Project Details

Description

The hot, arid desert environment is host to a remarkably diversity of adapted mammals. One such rodent is the Lesser Egyptian Jerboa (Jaculus jaculus). Water conservation is particularly vital for survival in the desert and, in the Jerboa, this is achieved by the production of a low volume of highly concentrated urine, especially following dehydration. This is controlled by a hormone called arginine vasopressin (AVP), which is made in a specialised part of the brain. AVP interacts with specific receptor targets located in the kidney to promote highly efficient water reabsorption. We will carry out a detailed analysis of the brain and kidney mechanisms that enable the Jerboa to survive in the desert. We will subject animals to dehydration, then measure the expression of transcriptomes and proteomes (focussing particularly on hormones) in the brain and kidney.

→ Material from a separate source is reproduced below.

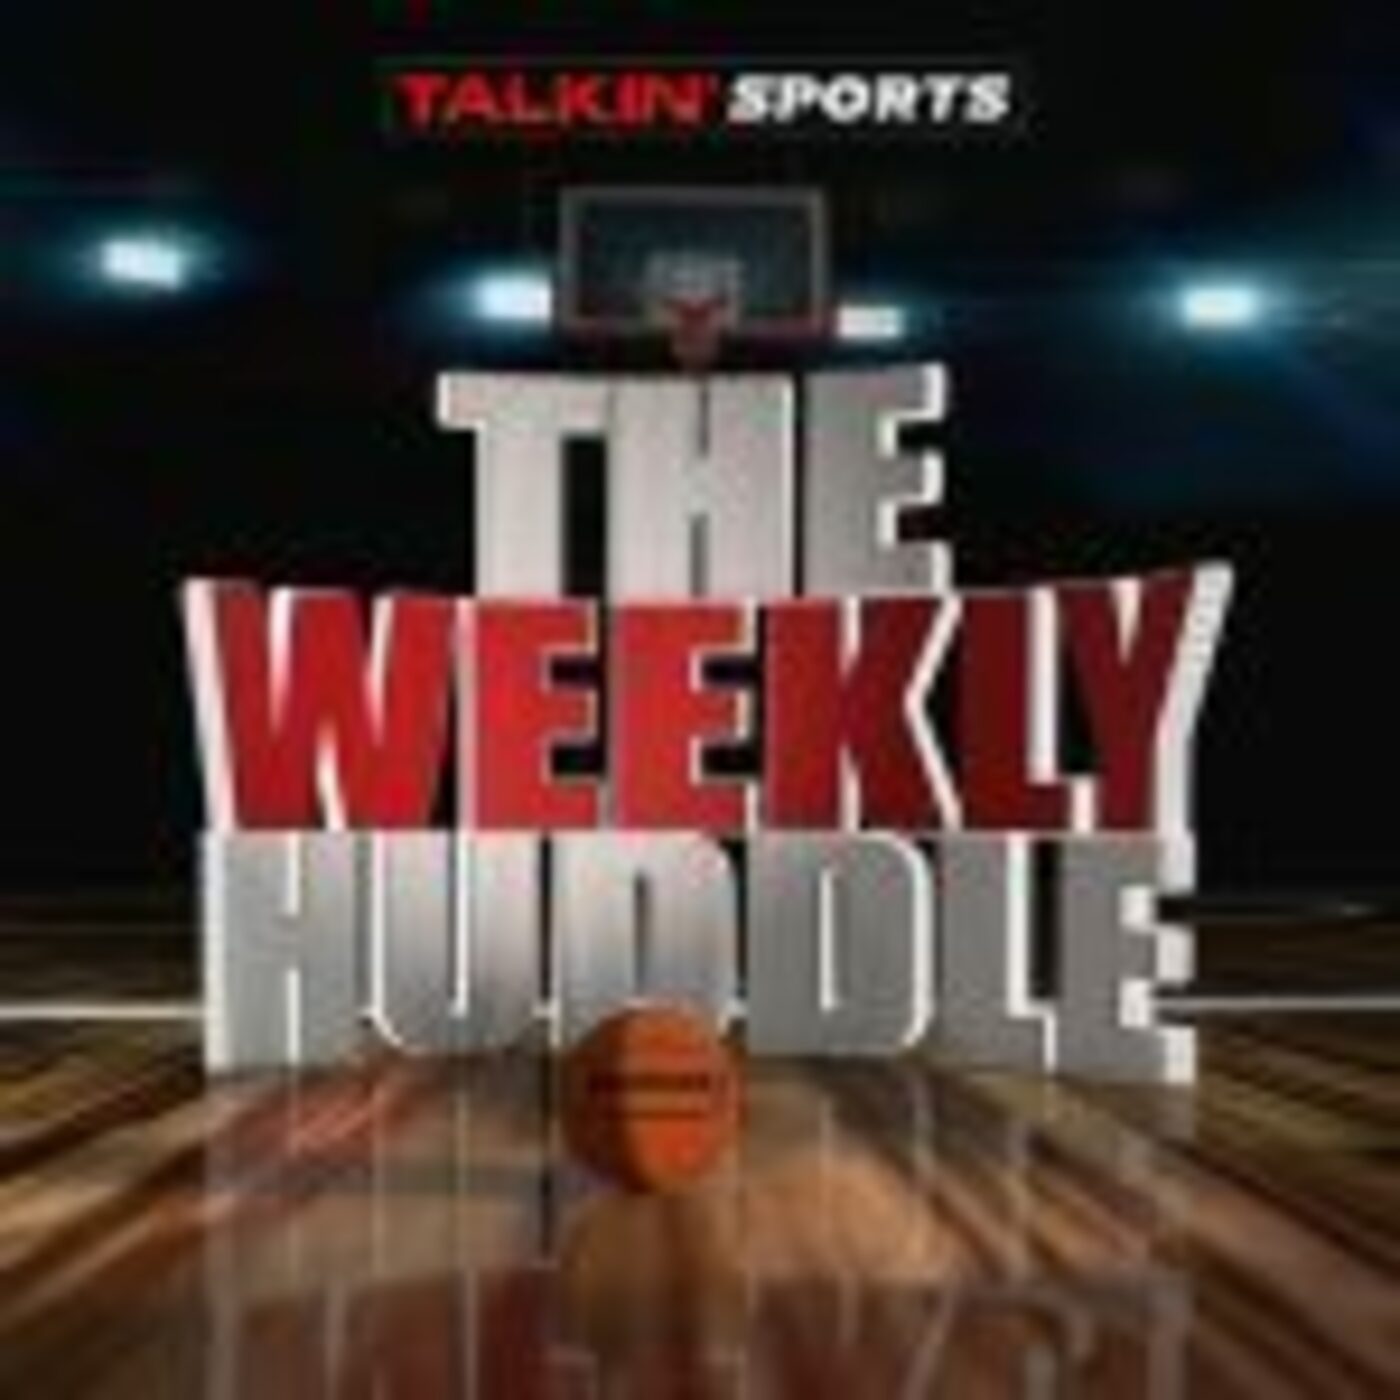 Weekly Huddle Podcast Talkin’ Jazz with Kristen Kenney: Why the Suns are so tough for the Jazz

These data will then be subjected to mathematical analyses that will allow is to identify genes that we think are key to the survival of the animal. We are in a unique position to test the functions of these genes as we have developed methods that allow us to manipulate their activity within the intact conscious rat. We will use these methods to alter the activity of specific genes in the rat, then we will measure changes in the physiology of the animals. Jaculus jaculus is an ideal model for understanding the physiological mechanisms that enable mammals to survive in arid regions, which will teach us about biological and evolutionary adaptations to climate change.

Layman's description

We will explore the mechanisms that enable a desert adapted rodent species (the Lesser Egyptian Jerboa) is able to survive in its harsh, arid environment without needing to drink water. Whilst water balance is aggressively defended in all terrestrial animals, this is all the more so in those species that thrive in the desert. Water conservation is particularly vital for survival in the desert and, in the Jerboa, this is achieved through the production of a low volume of highly concentrated urine, especially following dehydration. This is controlled by a hormone called arginine vasopressin (AVP), which is made in a specialised part of the brain. AVP interacts with specific receptor targets located in the kidney to promote water reabsorption. We will carry out a detailed analysis of the brain and kidney mechanisms that enable the Lesser Egyptian Jerboa to survive in the desert. We will subject animals to dehydration, then measure the expression of genes and proteins (particularly hormones) in the brain and kidney. These data will then be subjected to mathematical analyses that will allow is to identify genes that we think are key to the survival of the animal. These data will be compared to existing datasets derived rodents living in more clement climates (rats and mice). Thus, these studies will be of great interest to evolutionary and comparative biologists. Further, our studies may well interest environmentalists, ecologists and geographers, in the context of climate change and desertification.